A nine-year-old India-born chess prodigy whose fight to stay in Britain drew international attention can remain in the country, the UK government said yesterday.
Shreyas Royal, who came to Britain with his family when he was three years old, has competed internationally and came fourth in the World Cadets competition in Brazil last year. But his family faced having to leave the UK when his father's work visa expires next month.
The English Chess Federation and two lawmakers had appealed to Home Secretary Sajid Javid to let the family stay, saying Shreyas was the UK's greatest chess talent in a generation and had lived in the country most of his life.
Javid said Friday (local time) that, "after carefully reviewing the evidence, I have taken the personal decision to allow Shreyas and his family to stay in the UK."

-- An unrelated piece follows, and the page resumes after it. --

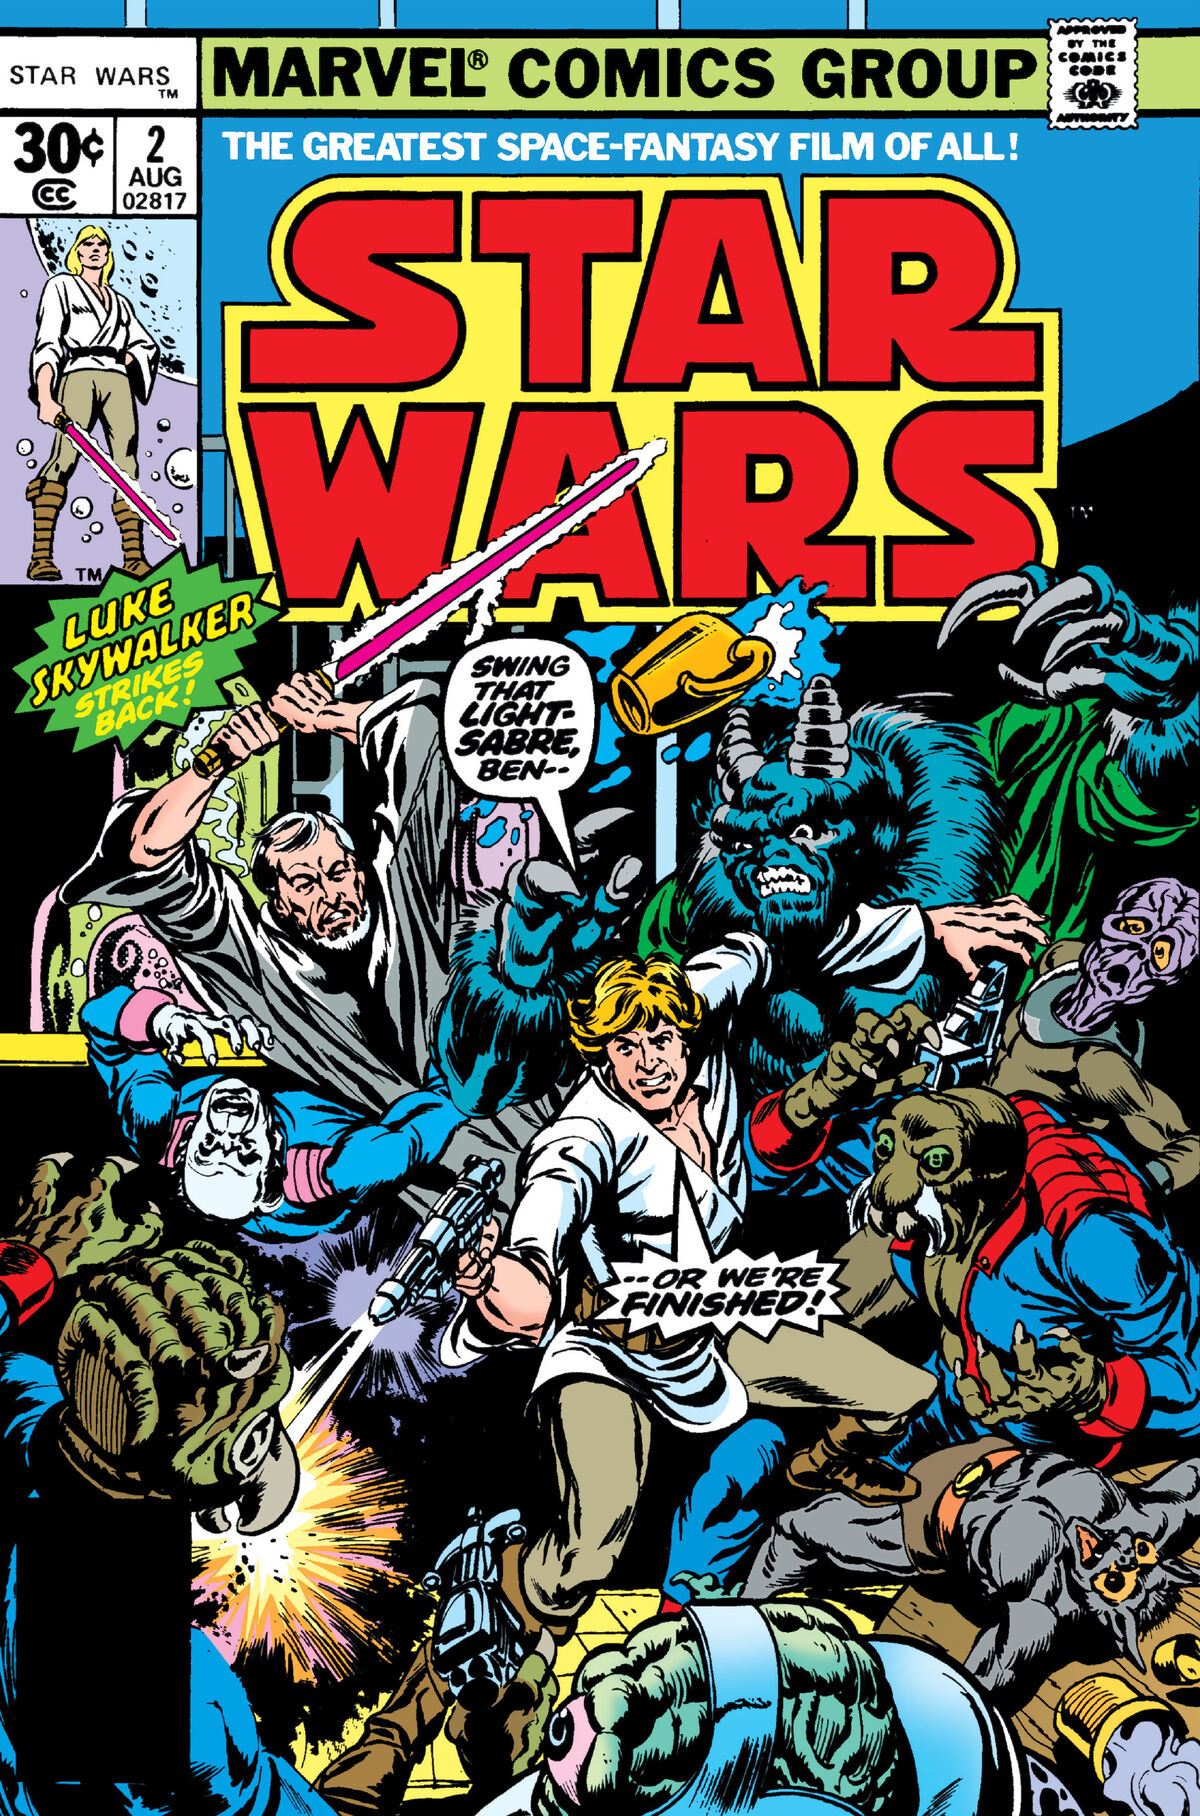 Space Wars 1977  Star wars comic books, Star wars comics, Star wars

"We have always been clear we want a world-class immigration system that welcomes highly talented individuals from across the globe," he said.
The boy's father, Jitendra Singh, said Shreyas "jumped on the sofa and started dancing" when he heard the news.
He said the decision was "such a relief for us."
"Yesterday we were packing to leave, we thought we had to go," said Mr Singh, an IT project manager.
London's Battersea Chess Club, where Shreyas plays, thanked supporters and said the young chess player had "a big future ahead of him on the world stage, hopefully representing England."
Immigration is a divisive issue in Britain, and reducing the number of newcomers was a major factor for many voters who in 2016 backed leaving the European Union. The Conservative government says it wants Britain to remain open to global talent, but has tightened policies in recent years in a bid to create a "hostile environment" for illegal immigration.
Critics say many legal immigrants to Britain have suffered as a result of excessive bureaucracy and harsh decisions. Earlier this year it was revealed that hundreds of legal long-term residents from the Caribbean had been refused medical care or threatened with deportation because they could not produce paperwork to prove their right to remain in the UK.
Javid, who was appointed in April after the migration scandal felled his predecessor, has said the term "hostile environment" ''does not represent our values as a country."